Information supplied >>
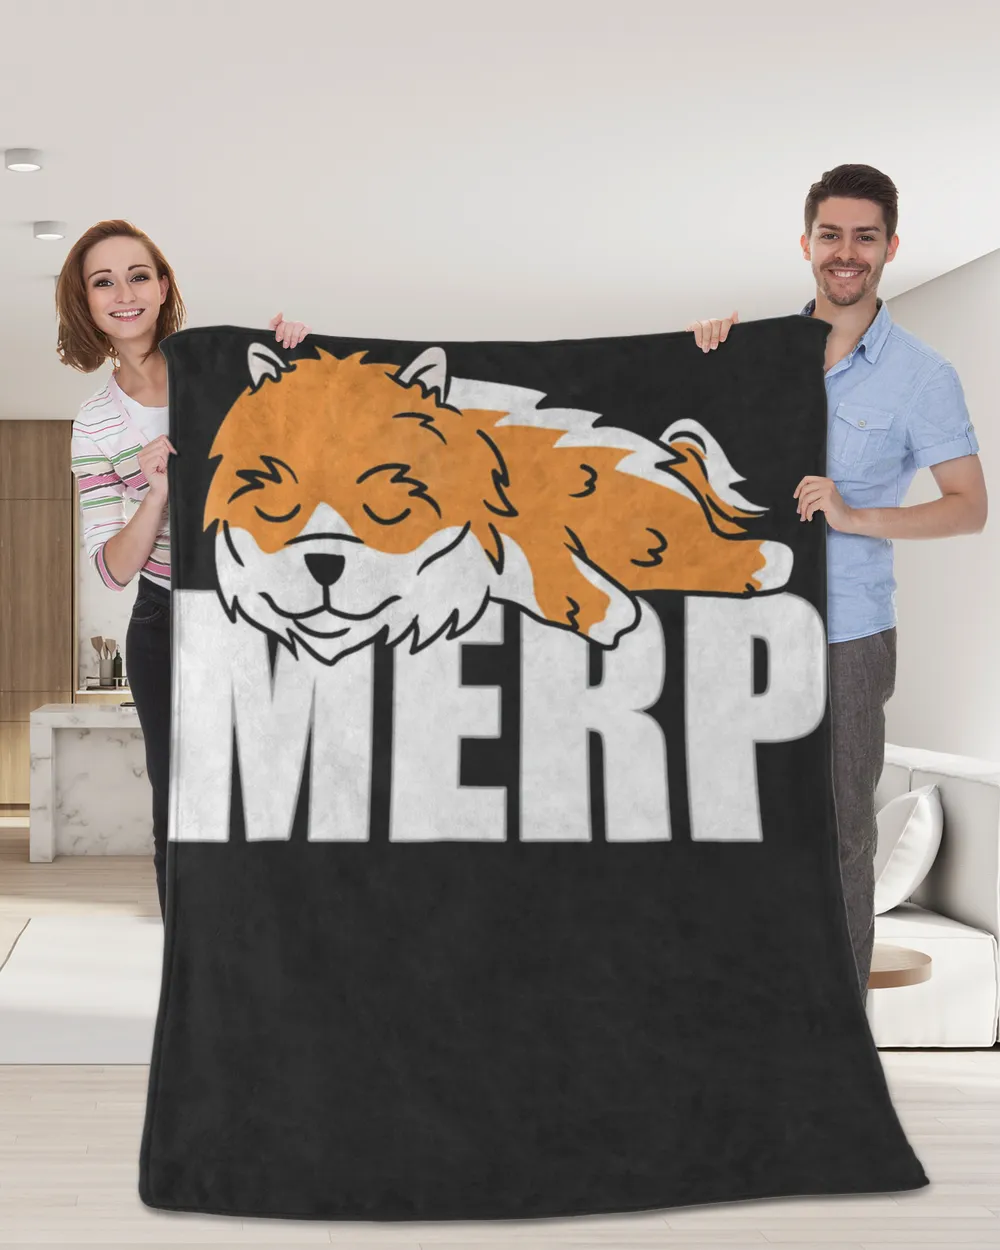 Pomeranian Internet Dank Meme Merp T-Shirt Gifts Women Men
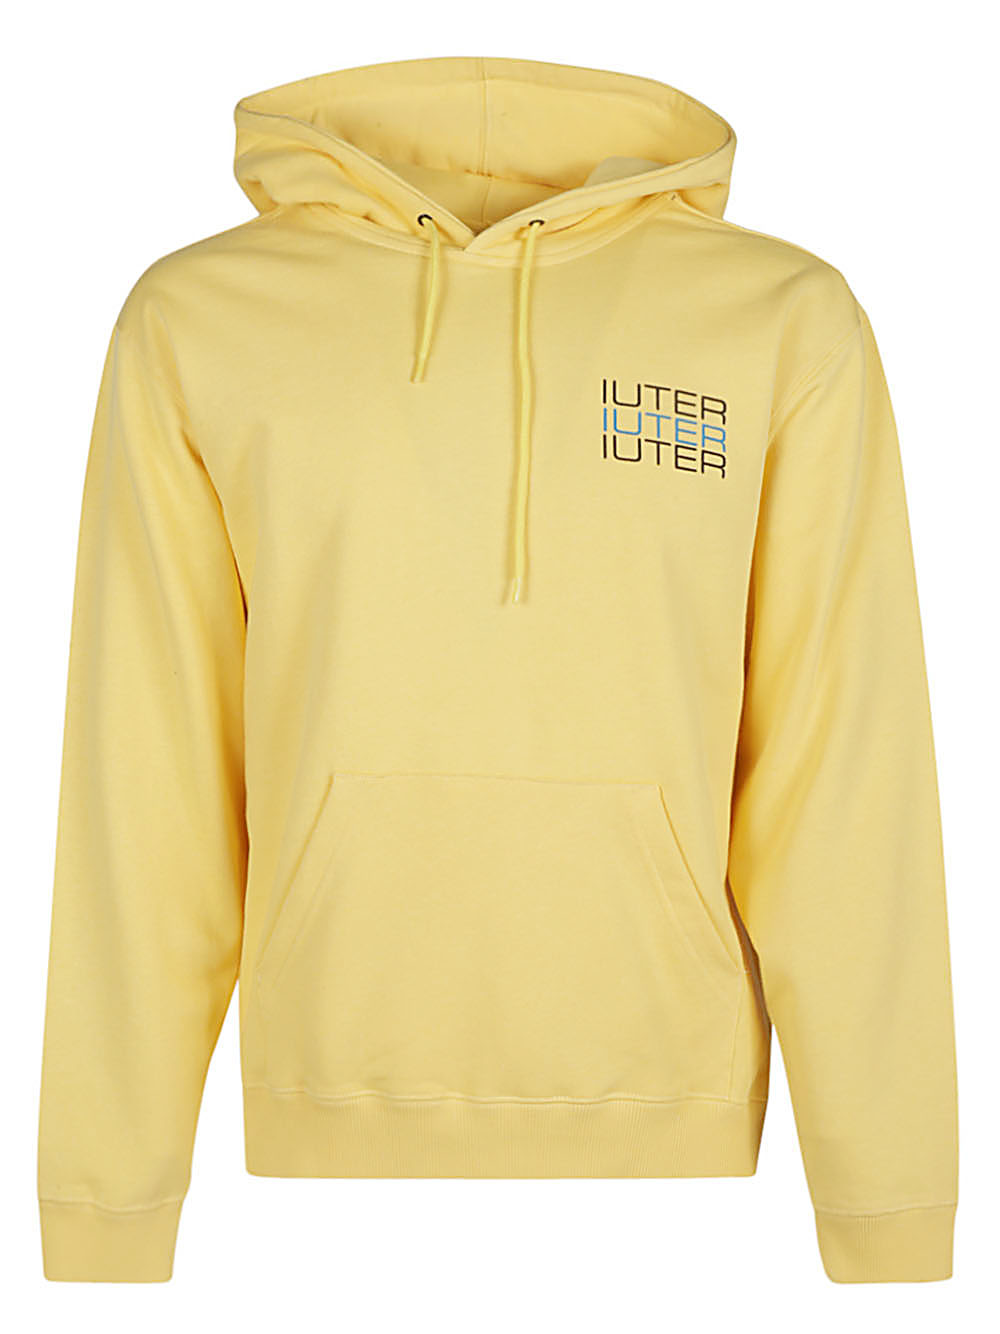 Iuter IUTER- Printed Cotton Hoodie
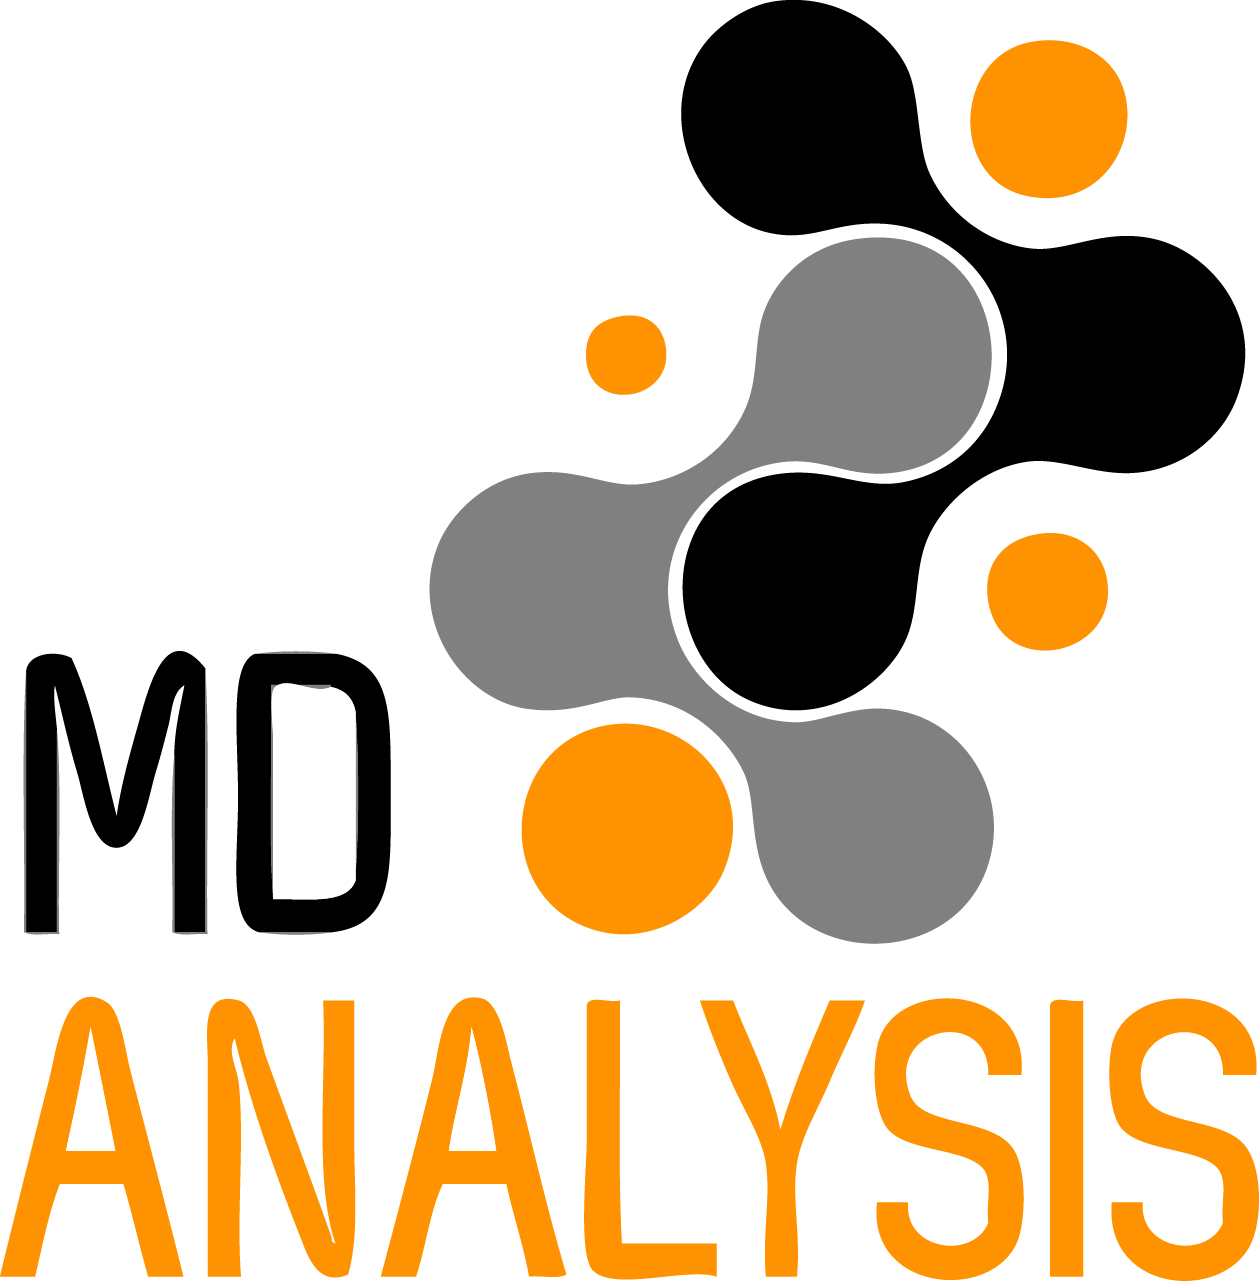 http://www.mdanalysis.org/public/mdanalysis-logo_square.png

Exercise objective >> Would you please set down the data above again exactly, without its pictures?

Solution to this task >>
 Pomeranian Internet Dank Meme Merp T-Shirt Gifts Women Men
 Iuter IUTER- Printed Cotton Hoodie
 http://www.mdanalysis.org/public/mdanalysis-logo_square.png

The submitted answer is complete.